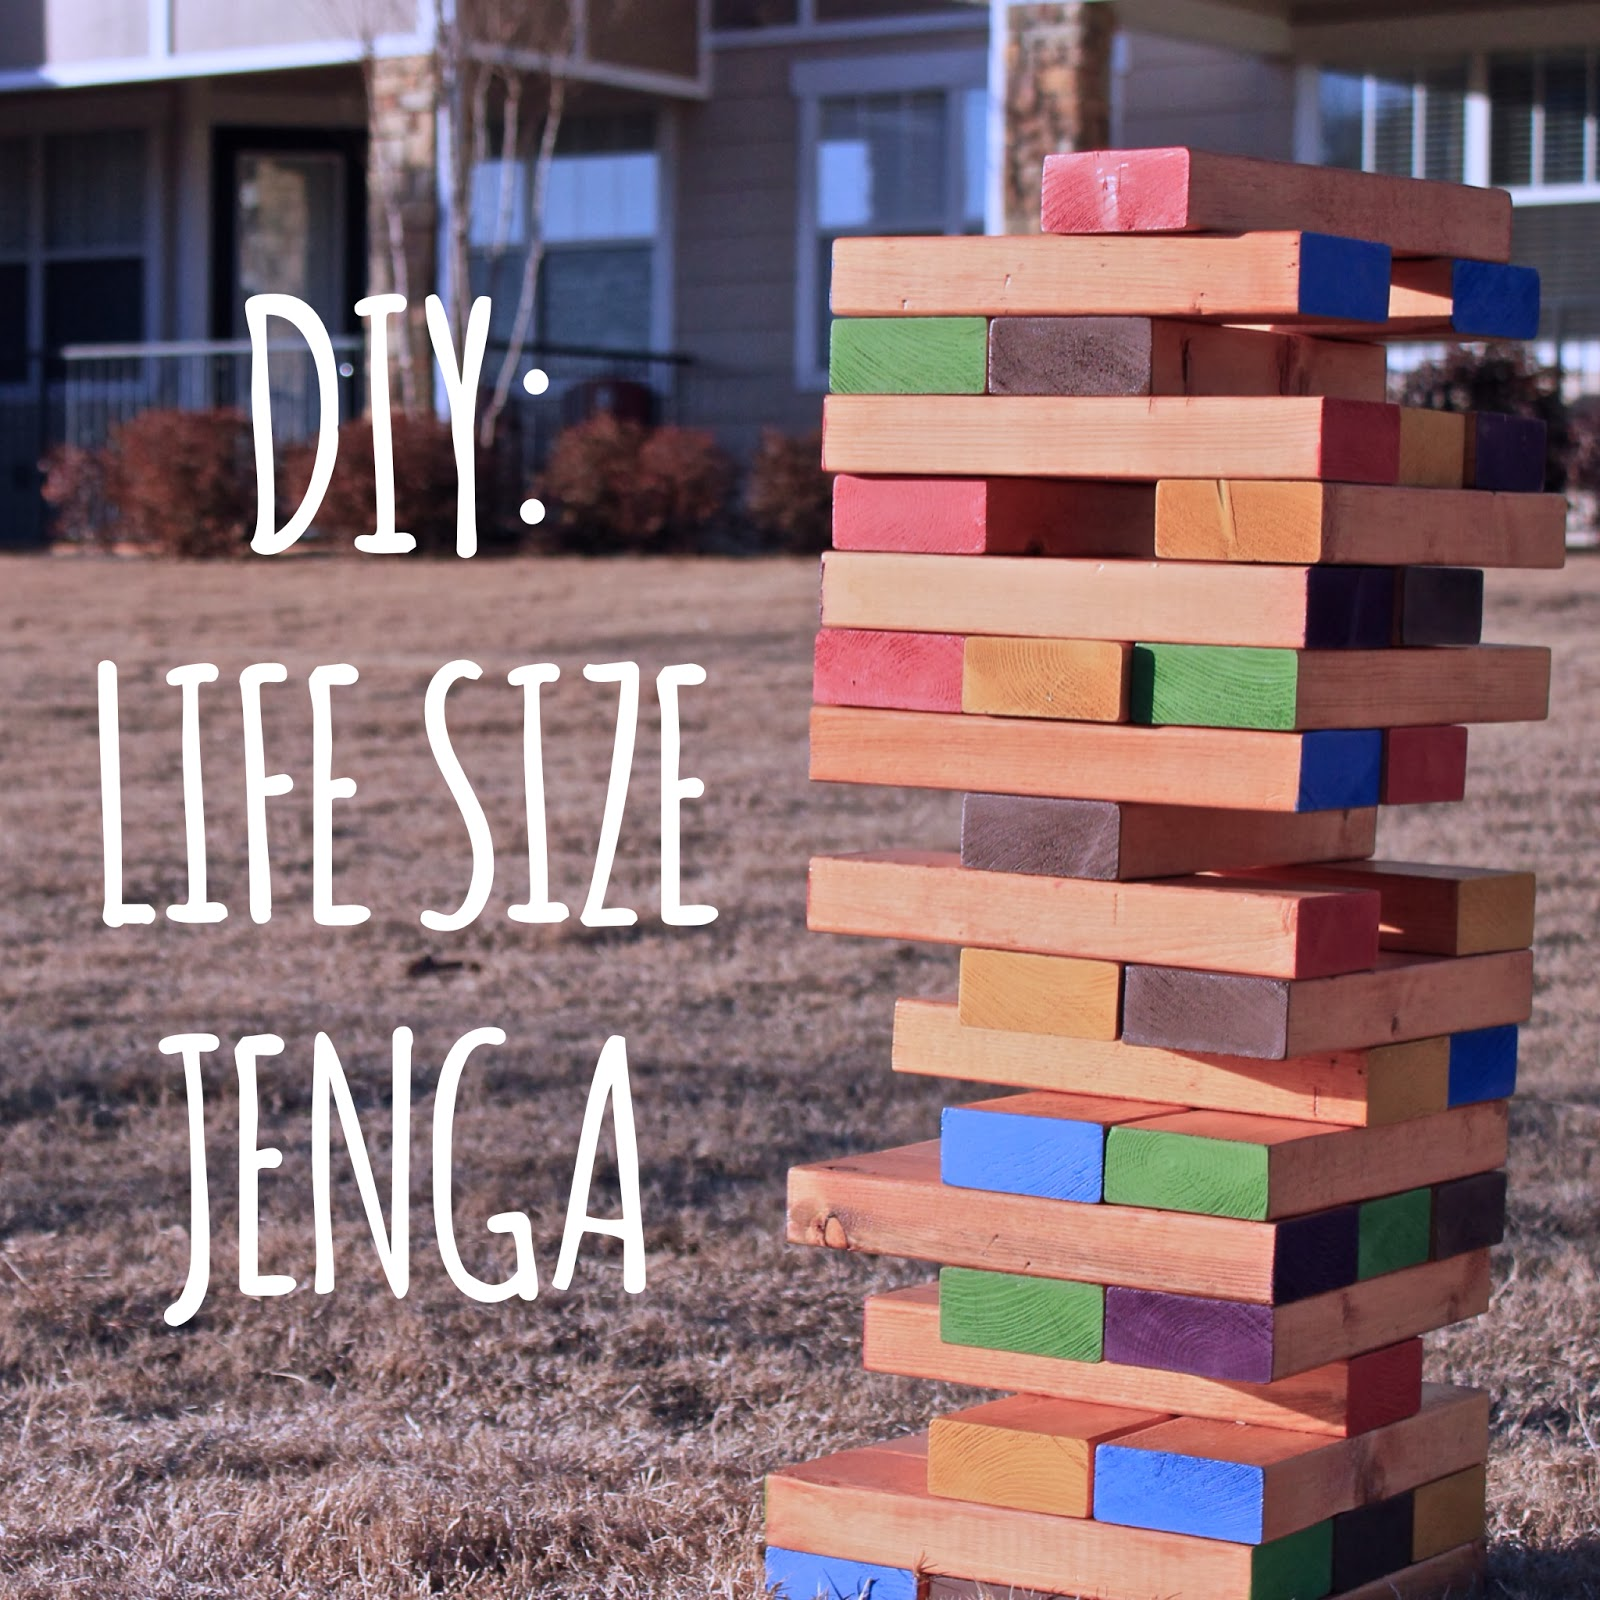 Life Size Jenga >> Diy Lifesize Jenga Hansen Heidelberg Diy Lifesize Jenga
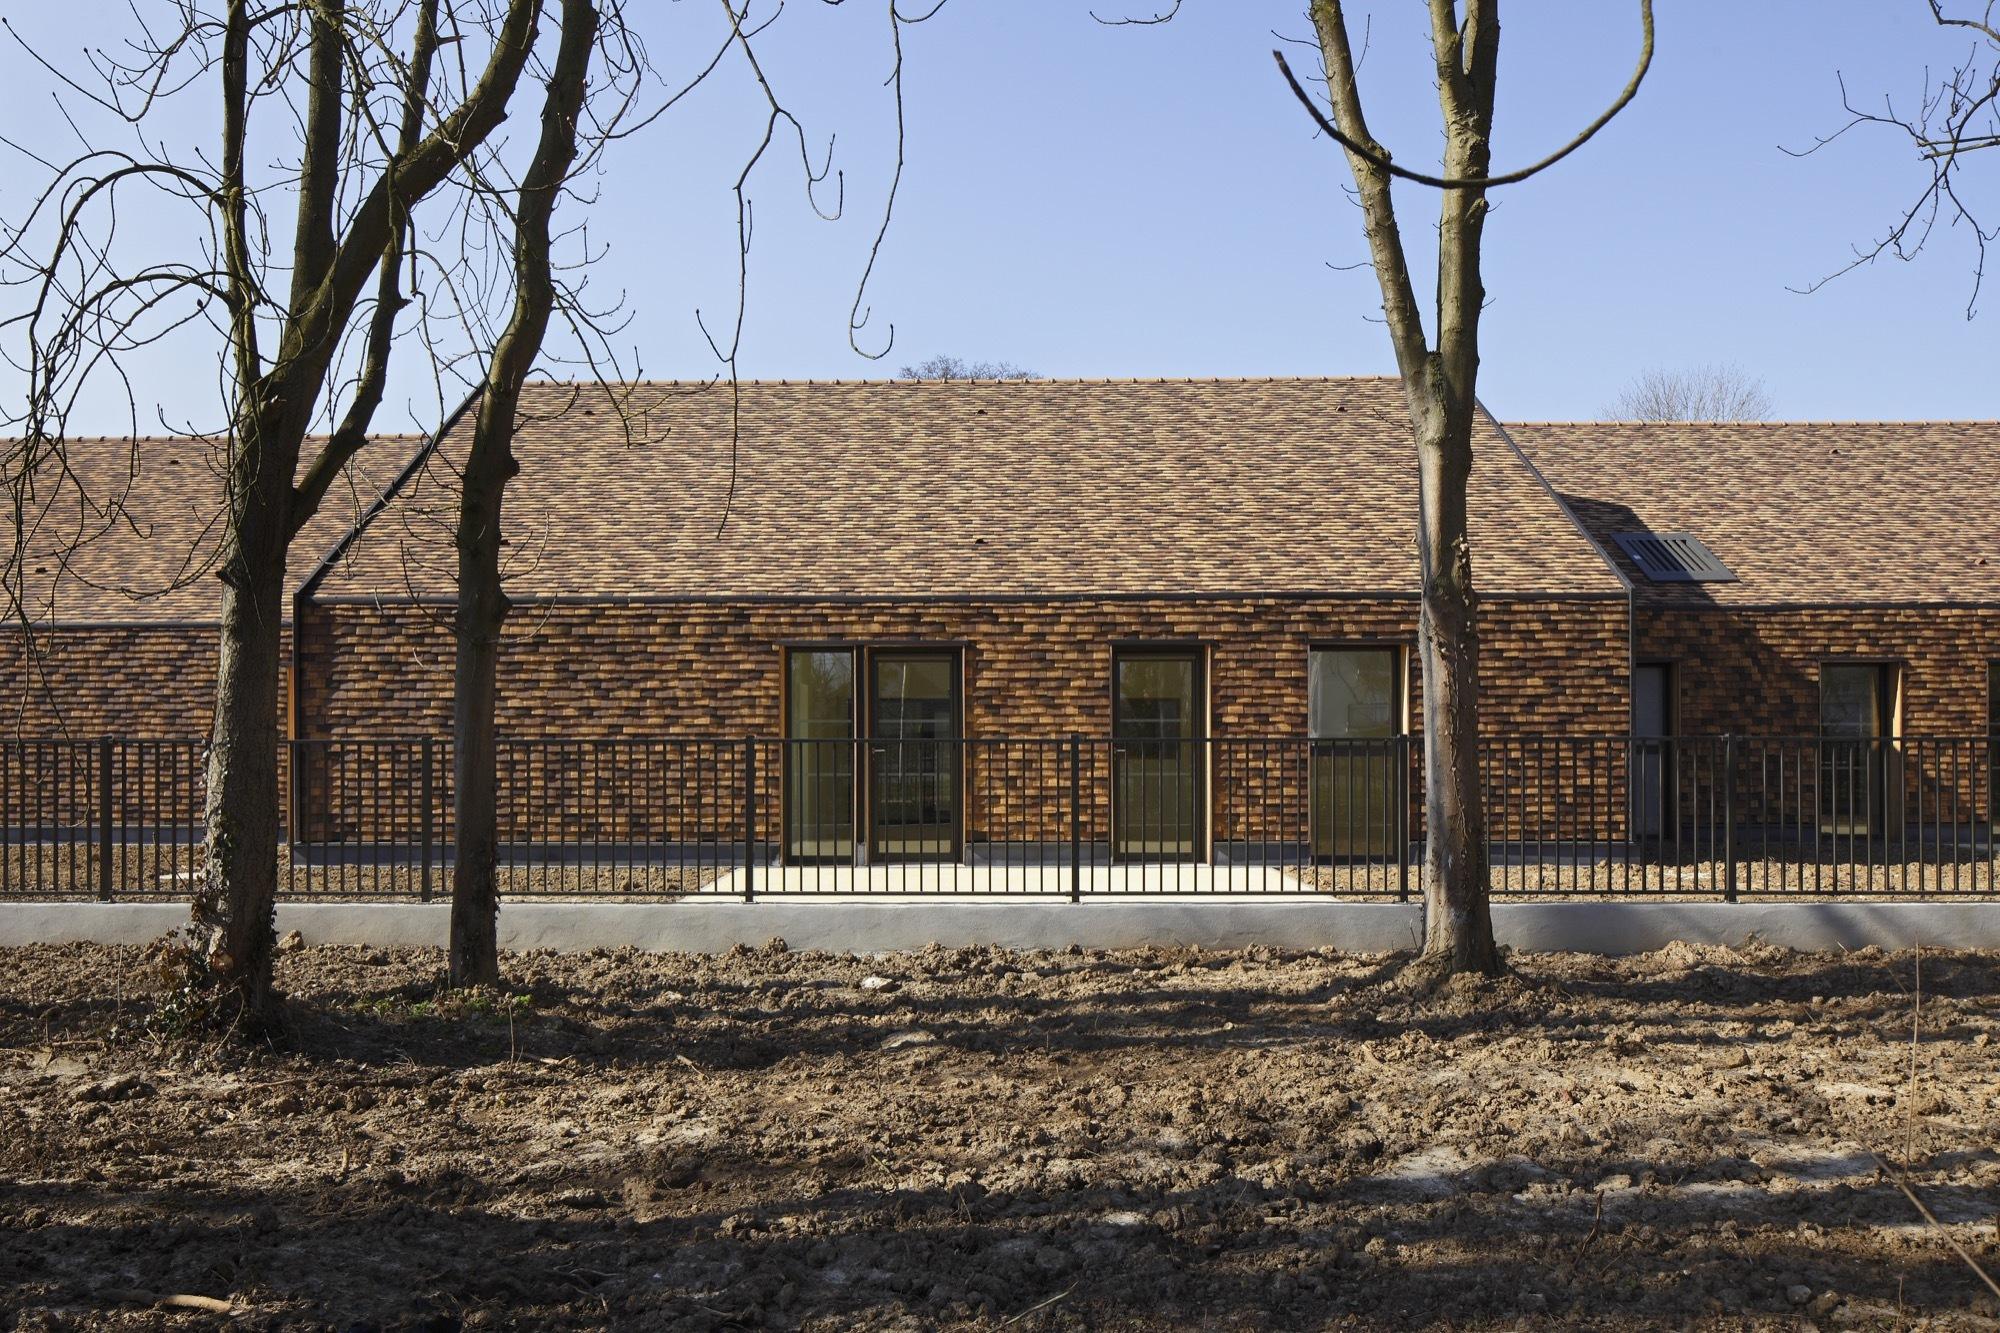 Gallery of maison de l enfance nomade architectes 5 for Architecture nomade
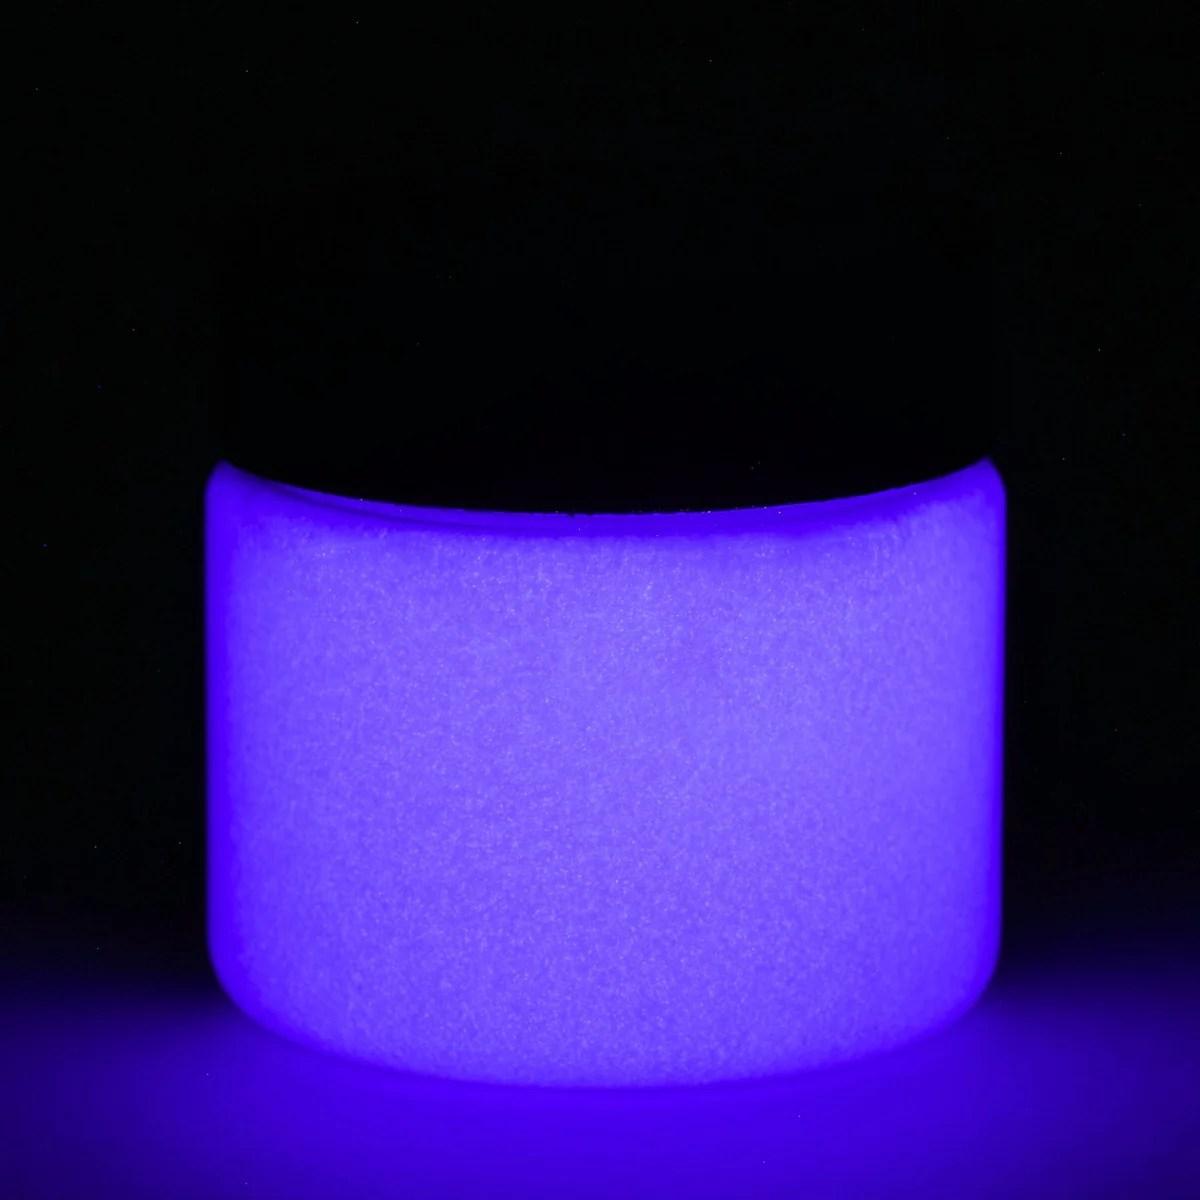 Fluorescent Purple Glow Paint - In Dark And Uv

## What is required
Write out the material above without changing a word, and skip any picture.

## Written reply
 Life Size Jenga >> Diy Lifesize Jenga Hansen Heidelberg Diy Lifesize Jenga
 Gallery of maison de l enfance nomade architectes 5 for Architecture nomade
 Fluorescent Purple Glow Paint - In Dark And Uv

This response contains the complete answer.